Caos, saqueos y descontrol policial en Venezuela tras los terremotos que dejaron miles de muertos y desaparecidos
La crisis humanitaria en Venezuela se profundiza tras los terremotos que golpearon al país con miles de víctimas fatales y una infraestructura colapsada. En las zonas más afectadas, especialmente en el estado La Guaira, se registran escenas de saqueos, denuncias de robos por parte de fuerzas de seguridad y una creciente indignación social por la falta de asistencia estatal en las tareas de rescate.

En medio del desastre, vecinos y sobrevivientes denuncian que efectivos de distintas fuerzas, incluida la Guardia Nacional Bolivariana y cuerpos de inteligencia, no solo no colaboran con las tareas de búsqueda bajo los escombros, sino que en algunos casos participan de robos en viviendas y comercios destruidos. La viralización de videos en redes sociales derivó en la detención de al menos cuatro agentes.
El despliegue de fuerzas de seguridad ordenado por el gobierno venezolano buscó inicialmente controlar saqueos y el orden público, pero terminó generando mayor tensión con la población. Según testimonios locales, mientras los habitantes intentan remover escombros con sus propias manos para buscar sobrevivientes, los efectivos permanecen en las calles sin intervenir en las tareas de rescate o directamente son acusados de abusos.
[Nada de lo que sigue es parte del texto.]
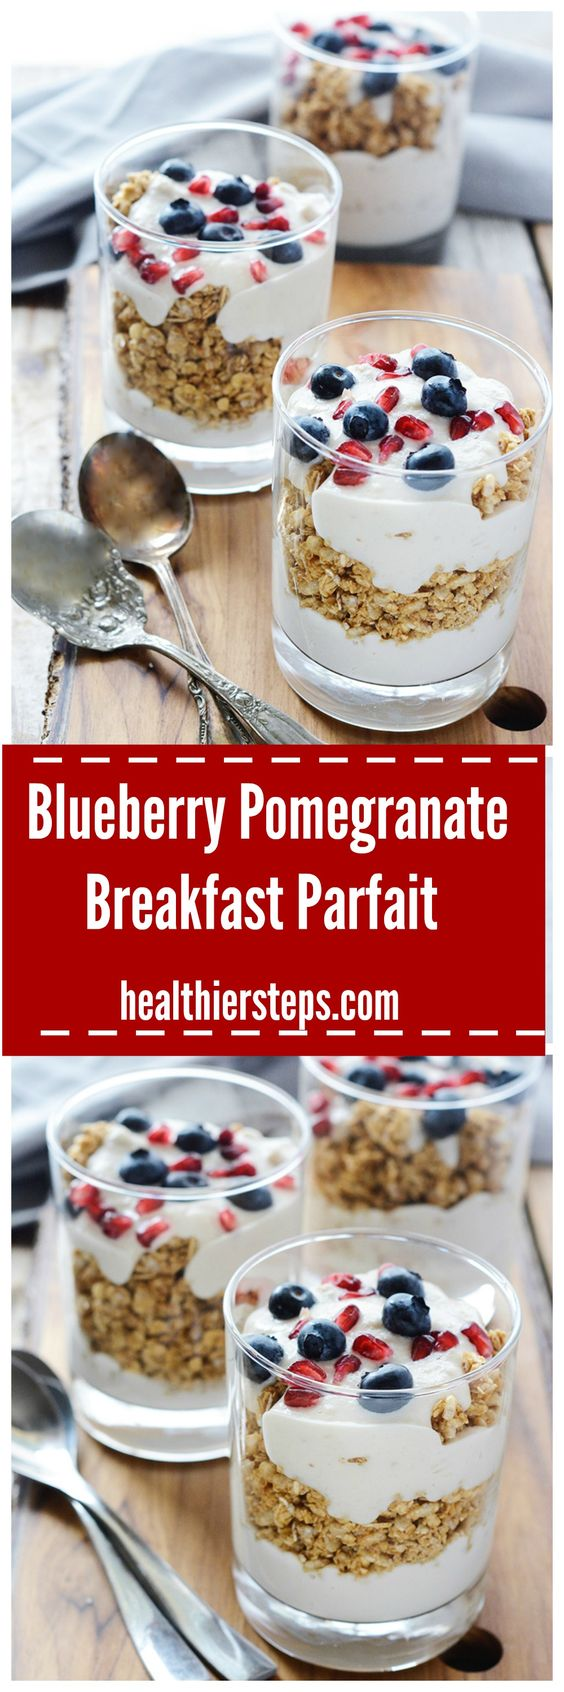 Blueberry Pomegranate Breakfast Parfait

En paralelo, el colapso del sistema de emergencia agrava la situación. La llegada de ayuda humanitaria es limitada y la coordinación estatal resulta insuficiente frente a la magnitud del desastre, lo que incrementa la presión social y los enfrentamientos en distintos puntos del área afectada.
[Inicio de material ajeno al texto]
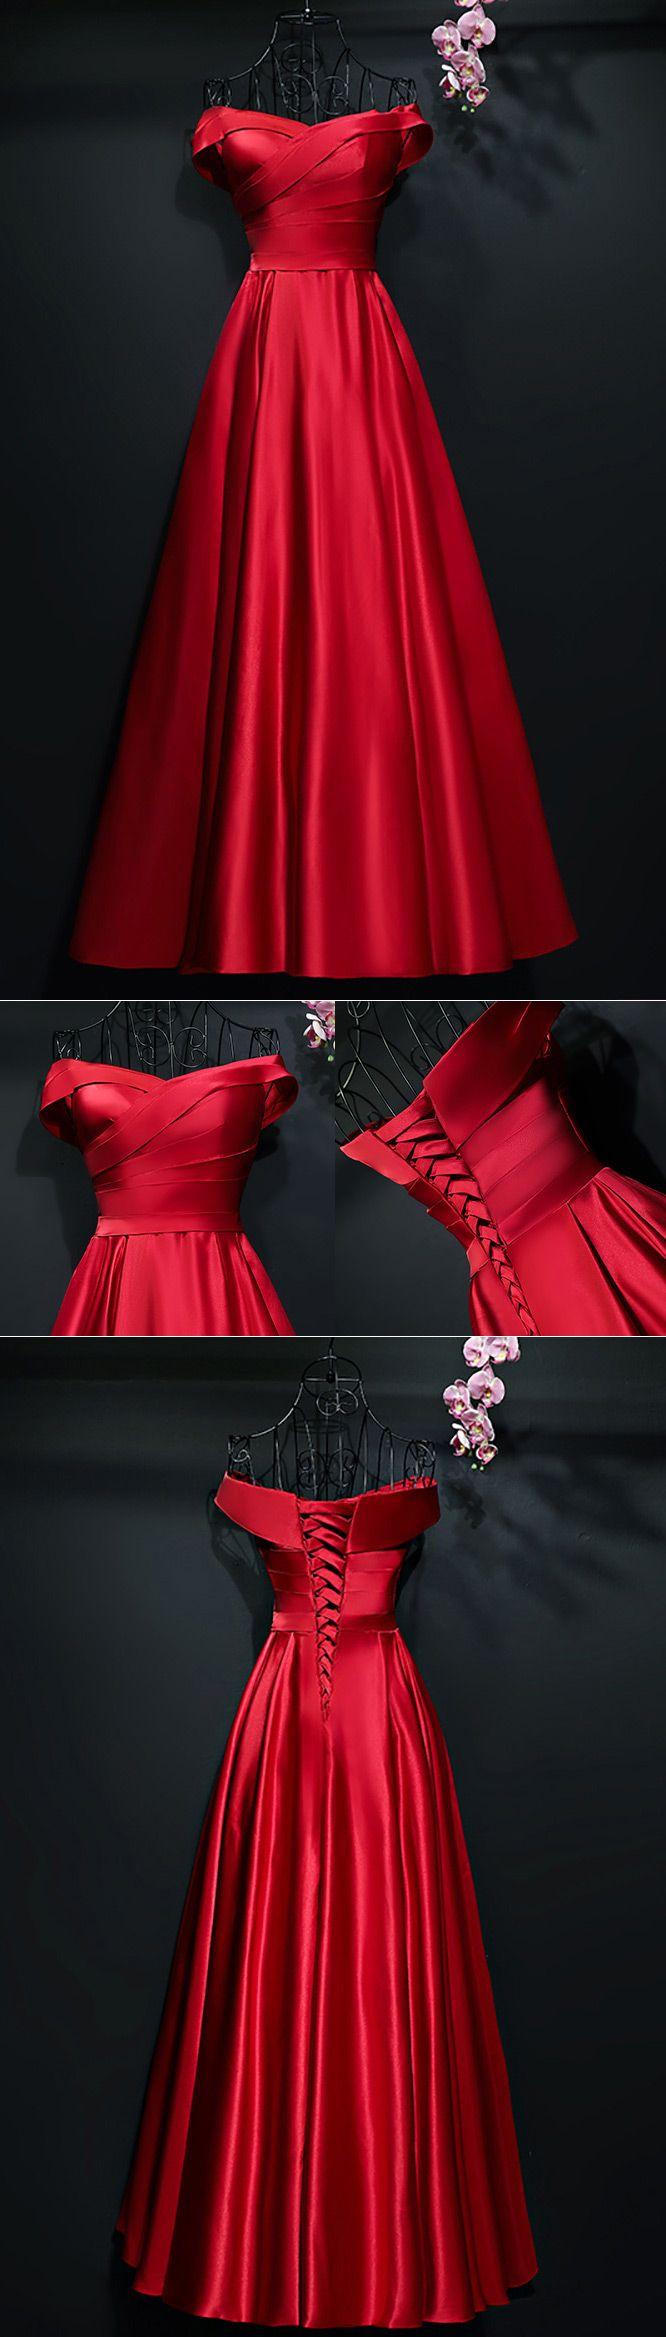 359 best Kleider images on Pinterest | Beautiful dresses, Casual ...

Organismos internacionales advirtieron sobre el deterioro de la situación humanitaria y el aumento de las tensiones comunitarias ante la falta de recursos básicos, asistencia médica y alimentos. En varias zonas, los vecinos organizan por su cuenta las tareas de rescate en condiciones extremas de calor, hacinamiento y riesgo sanitario.
Las autoridades estiman miles de muertos y desaparecidos, mientras organismos internacionales calculan decenas de miles de edificios dañados o destruidos por los sismos. En este contexto, la combinación de desastre natural, colapso institucional y denuncias de violencia estatal configura una de las crisis más graves de los últimos años en la región.